| What is needed |
In the records that follow, find the line with "Ibm Thinkpad Lenovo"; from there, retype every line exactly through the line with "کفش مخصوص کوهنوردی مردانه داکرز مدل DOCK G02", which also belongs to the answer.

| Information supplied |
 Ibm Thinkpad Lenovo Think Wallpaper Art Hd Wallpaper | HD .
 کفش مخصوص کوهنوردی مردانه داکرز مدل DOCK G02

==

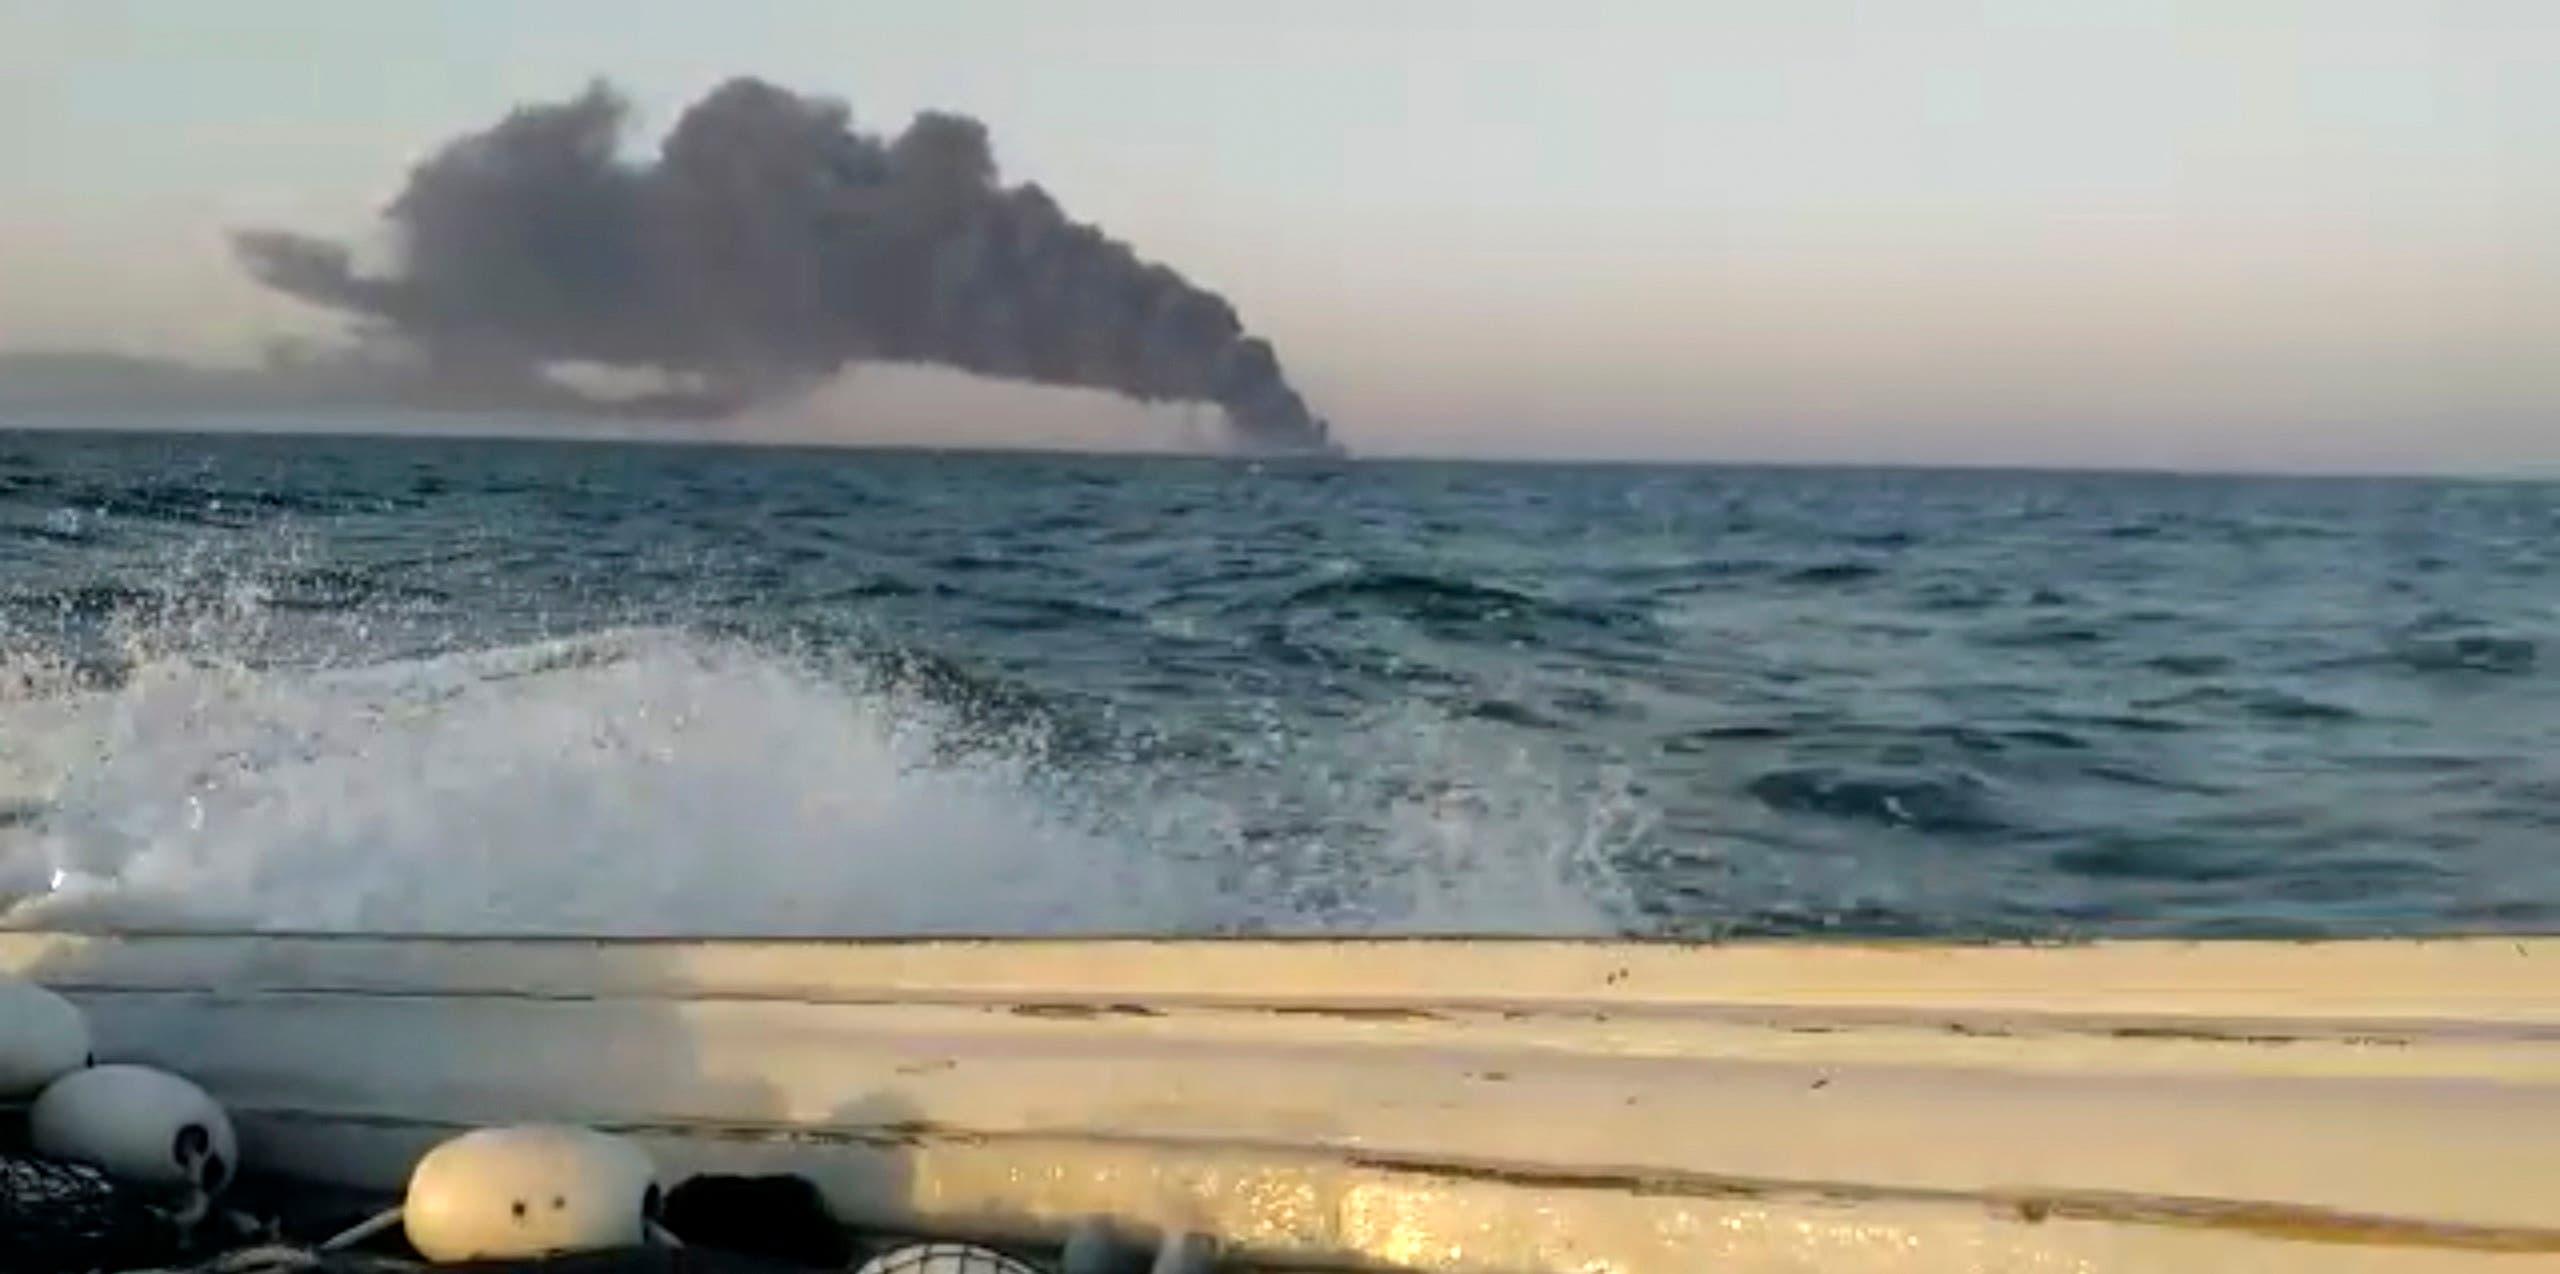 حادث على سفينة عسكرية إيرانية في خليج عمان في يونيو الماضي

| Response area |
 Ibm Thinkpad Lenovo Think Wallpaper Art Hd Wallpaper | HD .
 کفش مخصوص کوهنوردی مردانه داکرز مدل DOCK G02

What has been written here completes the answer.